• ASSIGNMENT:
With the pictures excluded, reproduce all of the data exactly.

===== DATA SEGMENT

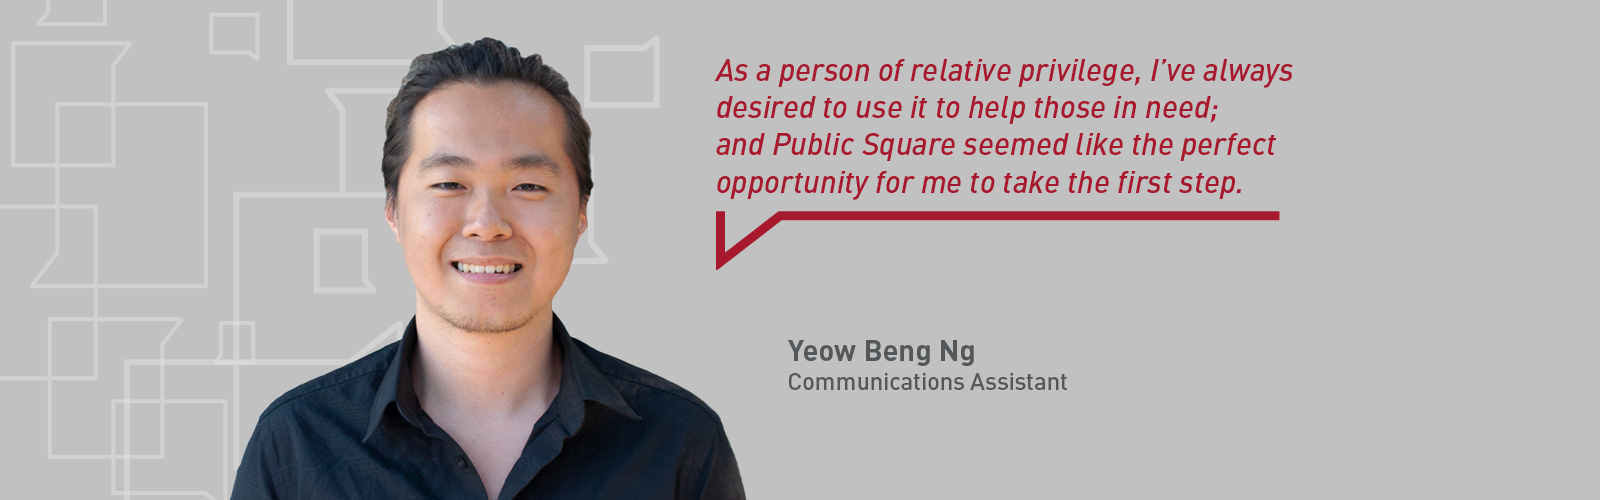 Headshot of communications assistant Yeow Beng Ng with a quote that reads "As a person of relative privilege, I’ve always desired to use it to help those in need; and Public Square seemed like the perfect opportunity for me to take the first step."
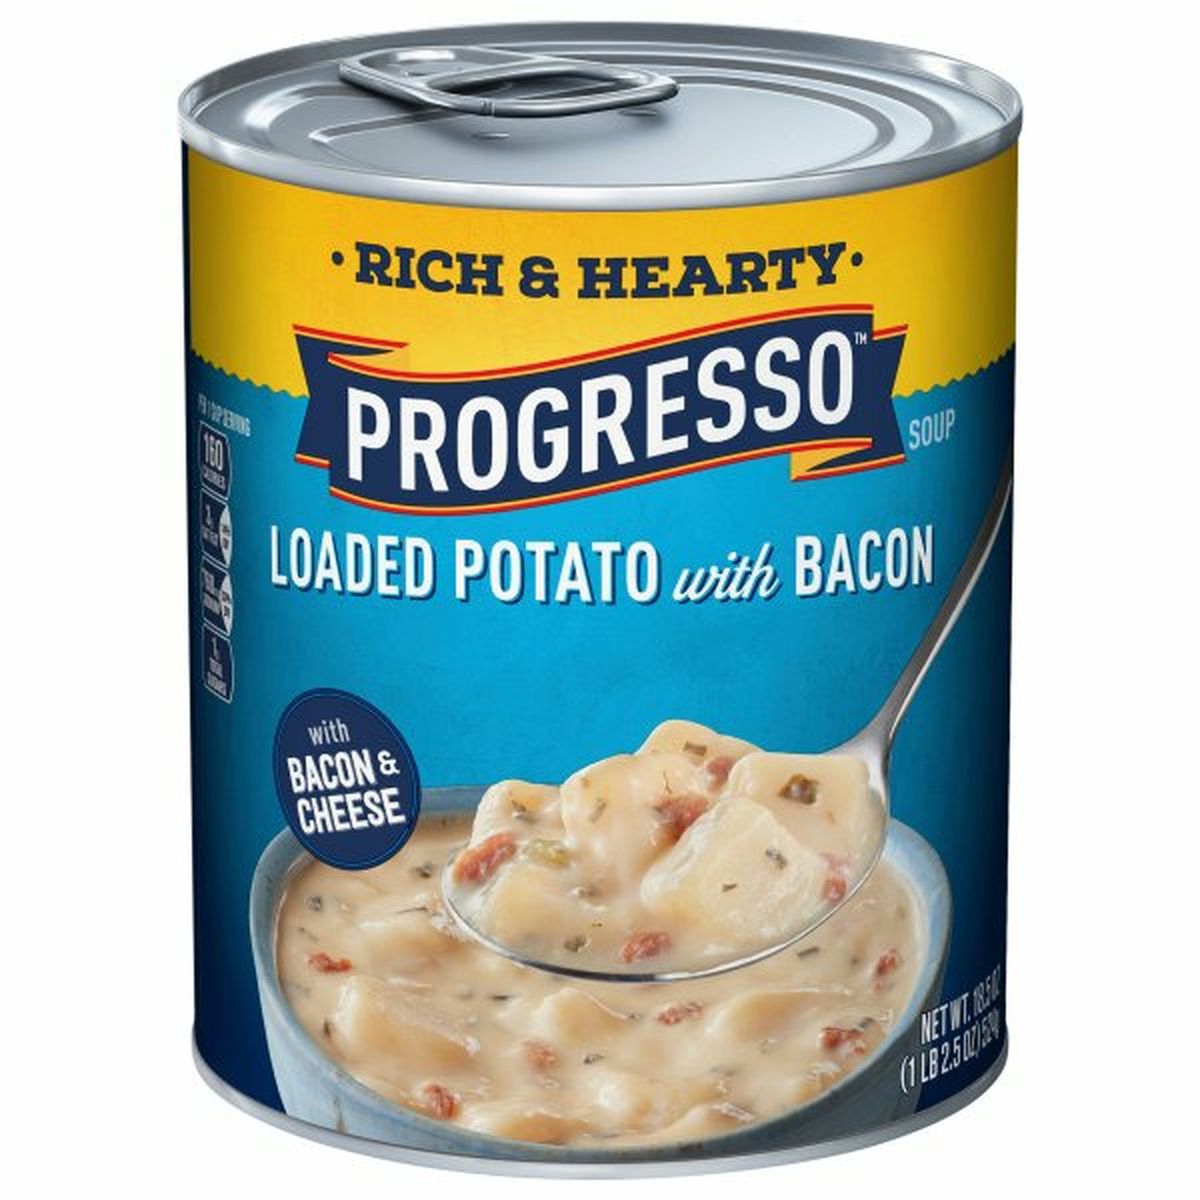 Calories in Progresso Soup, Loaded Potato with Bacon
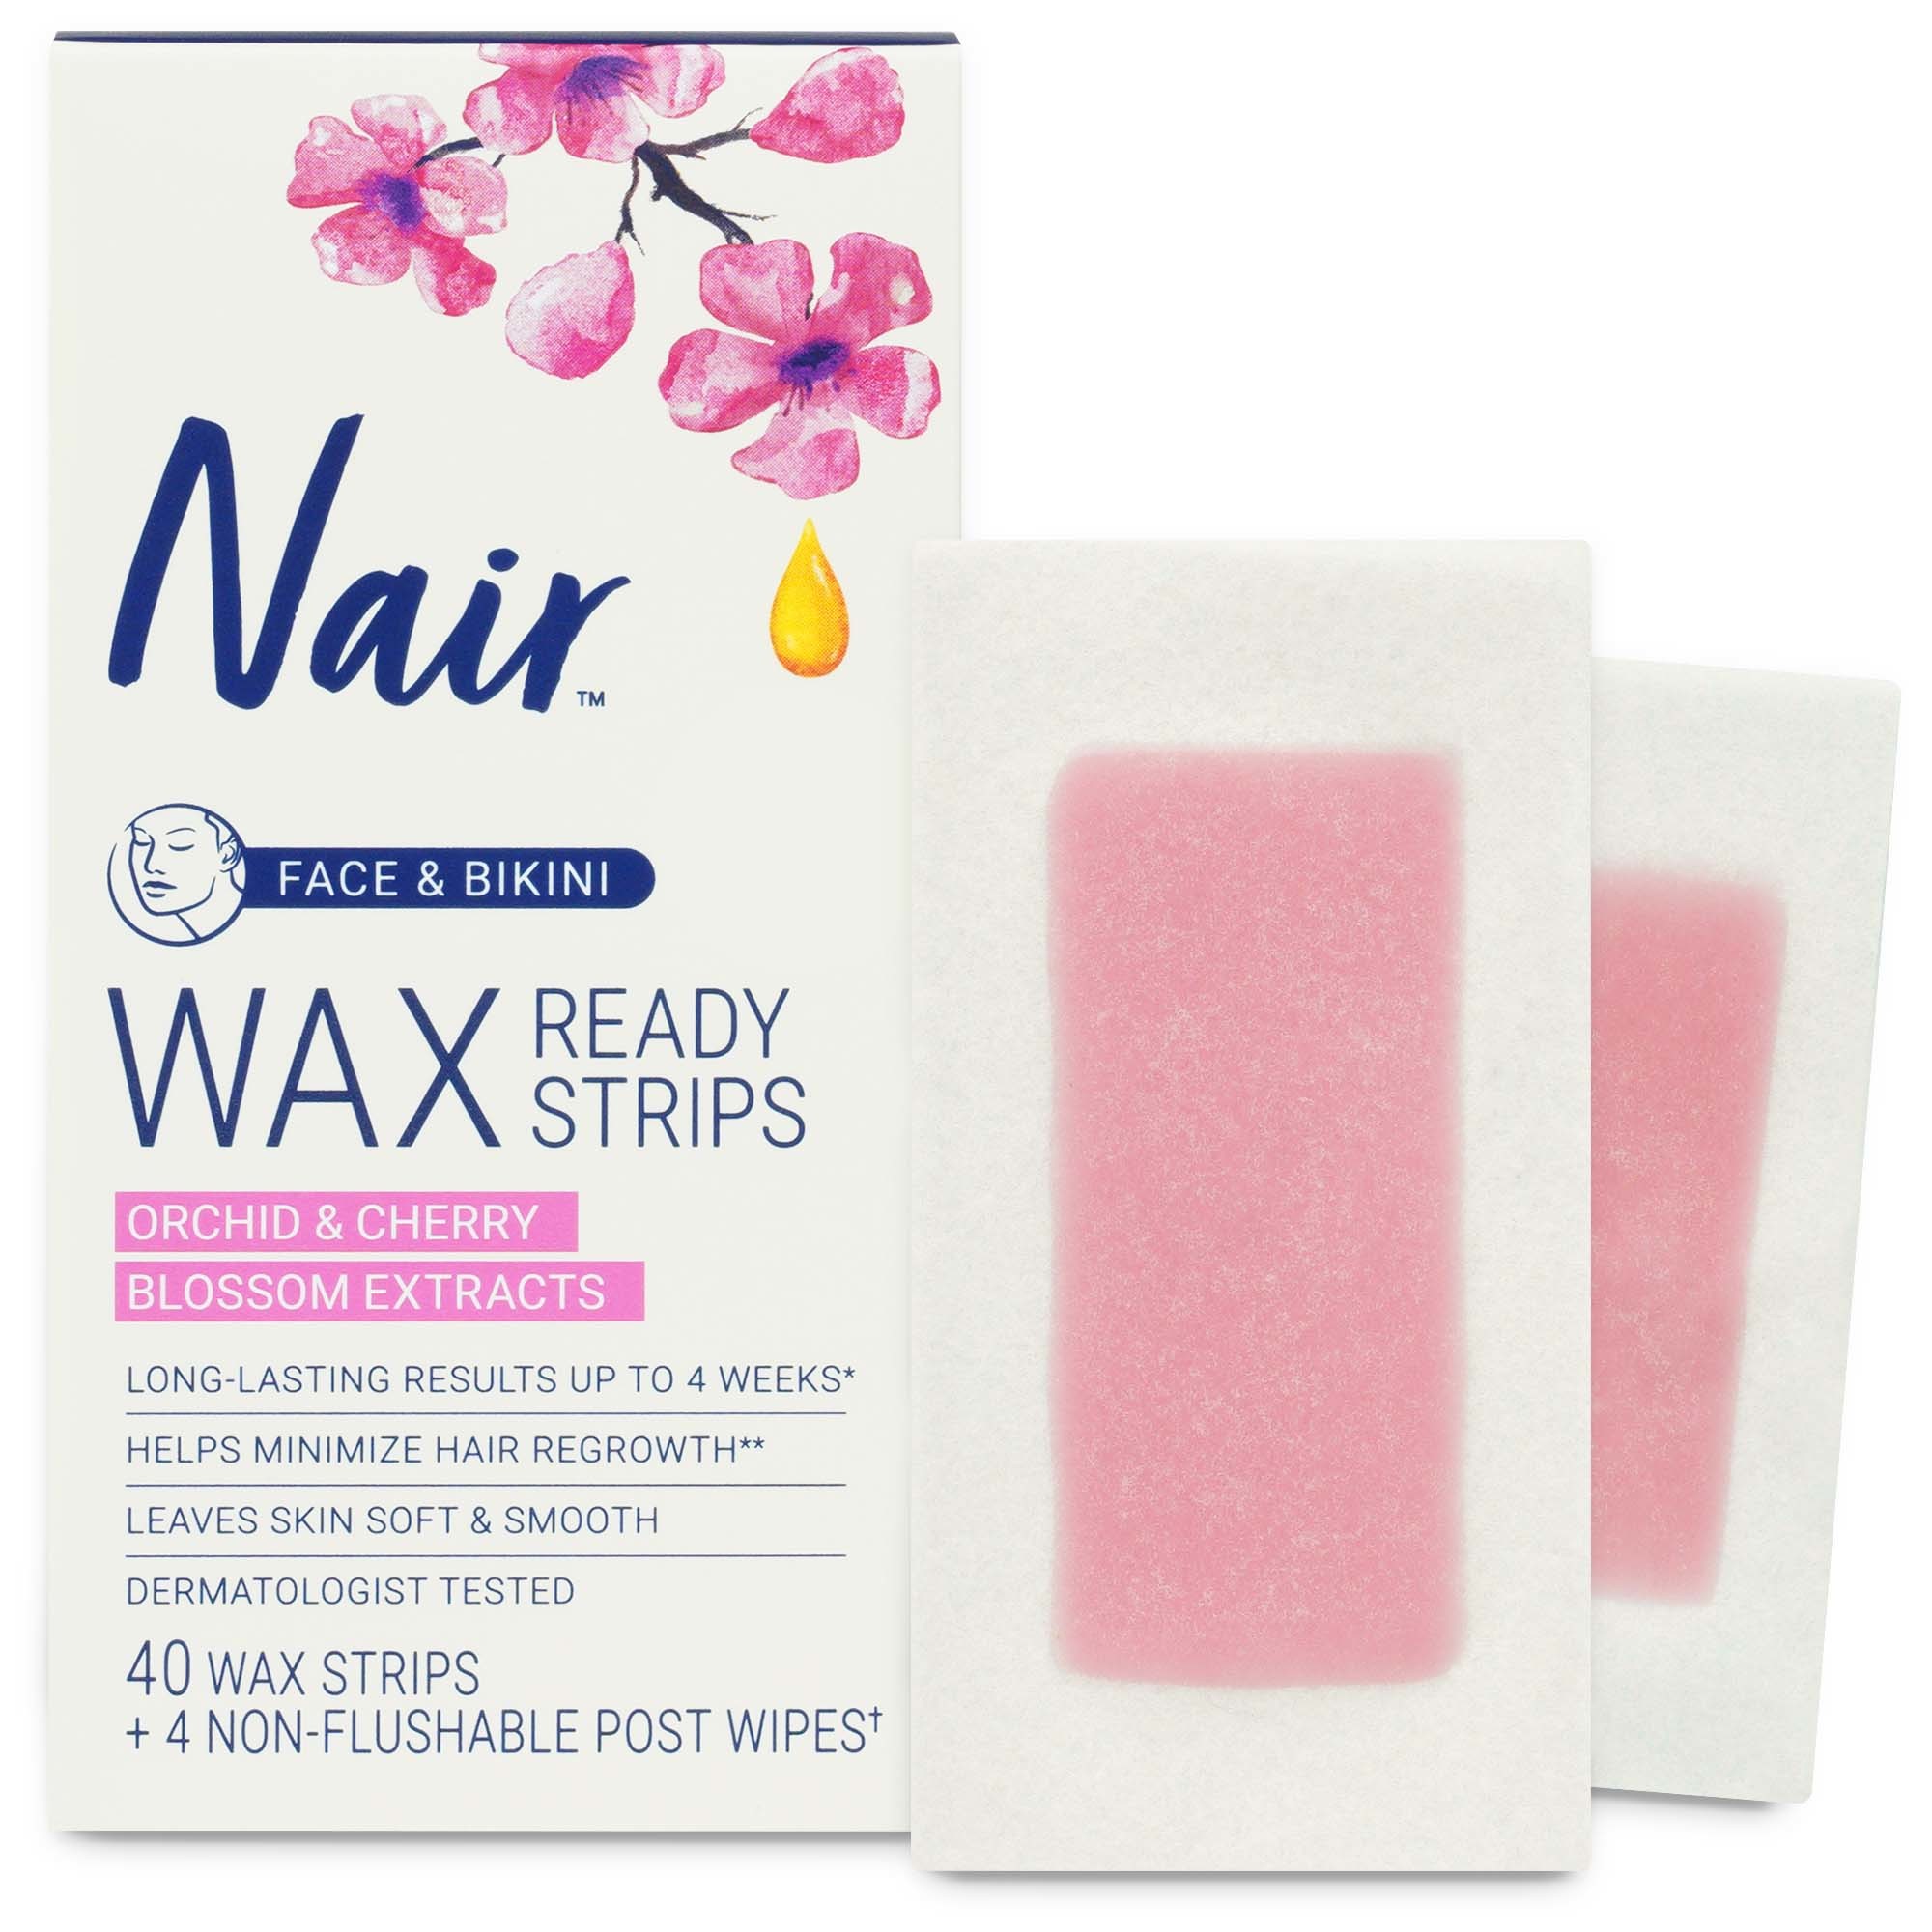 Nair Hair Remover Wax Ready Strips, Face and Bikini Hair Removal Wax Strips, 40 Count - image 1 of 12

==========

• SOLUTION FOR THIS TASK:
 Headshot of communications assistant Yeow Beng Ng with a quote that reads "As a person of relative privilege, I’ve always desired to use it to help those in need; and Public Square seemed like the perfect opportunity for me to take the first step."
 Calories in Progresso Soup, Loaded Potato with Bacon
 Nair Hair Remover Wax Ready Strips, Face and Bikini Hair Removal Wax Strips, 40 Count - image 1 of 12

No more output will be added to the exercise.